There are plenty of e-courses out there where all the graduates become affiliates and are earning $1k for each sale. How do you know you can seriously trust those peoples’ reviews when they have a big shiny $1k incentive to convince you the course is awesome?

 

  • How much, if any, do they exaggerate?
  • How much do they overstate the effectiveness of the course?
  • At what point are people buying the course just to be given access to the affiliate programme?

 

Plenty of businesses build entire empires out of affiliate programmes. Offer enough incentive and people will sign up to promote the business, even if they’re not using it themselves.

Affiliate programmes aren’t all bad… they just shouldn’t be trusted 100%.

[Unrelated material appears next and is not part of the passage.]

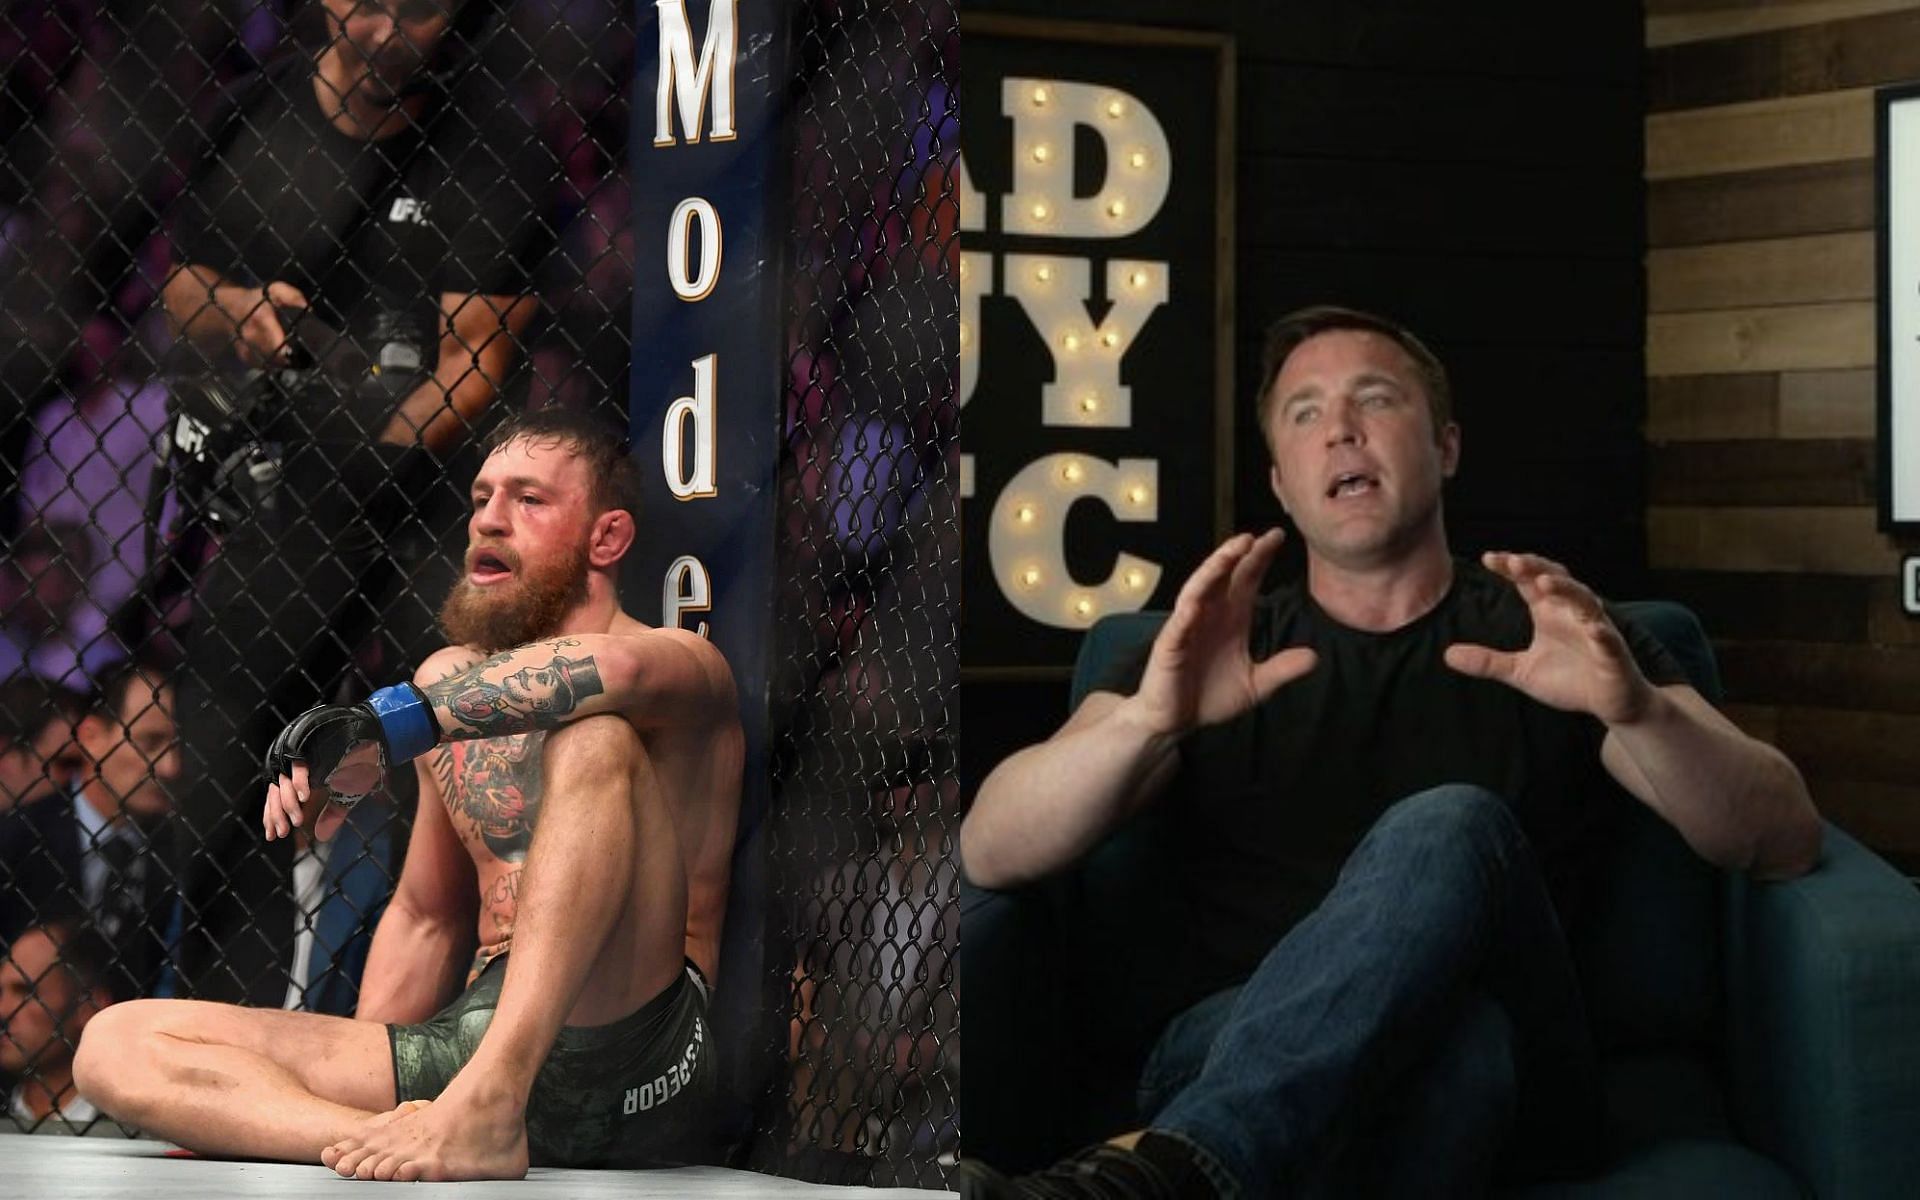 Conor McGregor (left) and Chael Sonnen (right) [Image via @sonnench on Instagram]

I’m not saying affiliate programmes should burn. Heck, even I admitted to being an affiliate. I’m all for people earning a bit of money.

 

This is one of those things where there would be no problem at all if you could trust everyone to promote honestly and genuinely. But that’s not the case. Money makes us do weird things.

 

This happens everywhere – not just in the blogosphere. Your favourite Instagram celebrity probably doesn’t actually drink that detox tea stuff. That’s not how they got that fit bikini body. They just got paid to take a photo with it and act like they use it.

 

We can’t escape this army of affiliates, but we can stop ourselves from being drafted.

 

That’s why it’s up to us to not take everything at face value. When someone recommends a product, don’t just blindly accept it. Do your research.

 

  • Ask friends and family.
  • Seek out people who don’t have a vested interest in your purchase.
  • Purposely seek out bad reviews to see what they say.

 

Make informed decisions – not blind ones.